At all costs you need to stay in the house and throw him out. You've got children. so you've got the right to stay in the house. You've given him plenty of chances to improve himself and he's still being abusive towards you.
Normally I would reply to these posts and try and get people to talk before it's too late, but I feel that your husband is past talking! Have you ever told him how he makes you feel? You sound like he scares you which is why you would rather leave than him. If you feel like this then get the police involved as he is mentally and physically abusing you! 
It's always hard when you've got children, but I would rather be on my own then have a husband like the one you describe above.
Your children want you to be happy and I'm sure they would rather you be happy without their daddy, than miserable with their daddy.
I would fear for your children as well, if he's threatened to hit you then I'd keep him away from the children as well.
Good luck and keep us posted.


----------



## I'mInLoveWithMyHubby (Nov 7, 2011)

Talk to a lawyer to see what your rights are. Serve him with divorce papers. Do not give him everything as he suggests.

No, your marriage is not worth your life. Threatening you with a knife is very very very dangerous behavior! Your husband will not change and his abuse towards you will get worse. You NEED to get out of this marriage!


----------



## Alpha (Feb 18, 2013)

Its time to leave. This man will never have any respect for you. He is abusive, probably physically soon if he starts waving a knife at you, but definitely emotionally abusive. You'll notice that everything will go in a circle--he abuses, apologizes and becomes nice again, the finds a way to hurt you again. It will never stop. 

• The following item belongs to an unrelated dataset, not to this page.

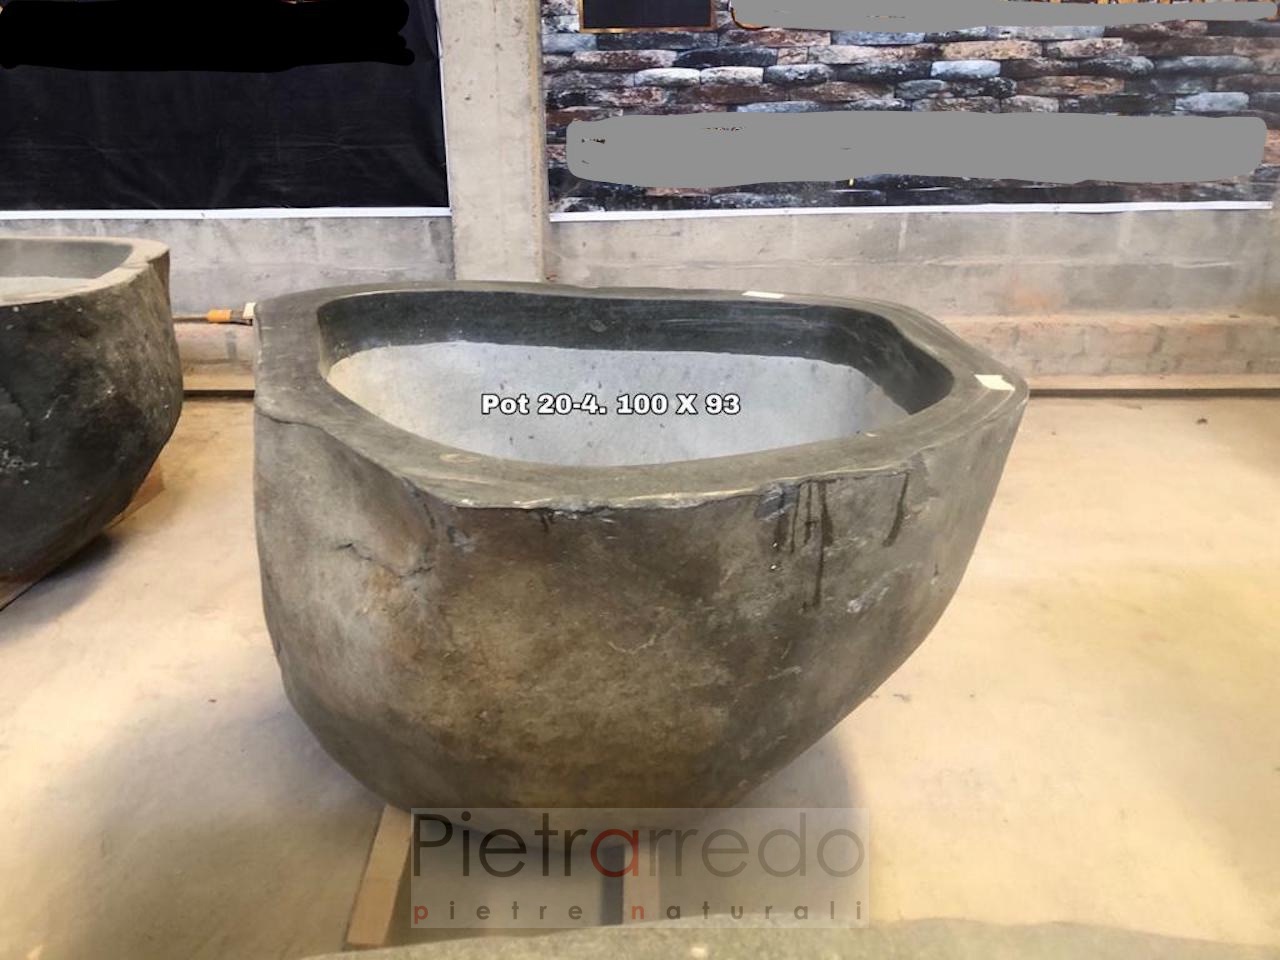 offerta in vendita pietra vaso vasca fioriera in sasso pietrarredo costo

I bet he is even brainwashing the children to hate you. 

Get out now.


----------



## mattsmom (Apr 2, 2013)

Rania,

Listen to what these good folks are saying. My first husband started out being verbally and emotionally abusive. He cheated, and then came home and accused me of doing the same, even though I'd been at home with our two children. After several months of that, he became physically abusive. I always got make-up gifts, which usually consisted of lingerie. It was sick. Don't go there. Get out before it gets to that point.

Blessings,
Mattsmom


----------



## some_guy_mn (Mar 4, 2013)

There doesn't appear to be any reason to try and preserve a the marriage. There does appear to be plenty of reason to distance you and your kids from him. I'd absolutely get out of the relationship for your kids sake (and yours)!

Pulling a knife, even as a joke, is NOT ok. 

Leave him now!


----------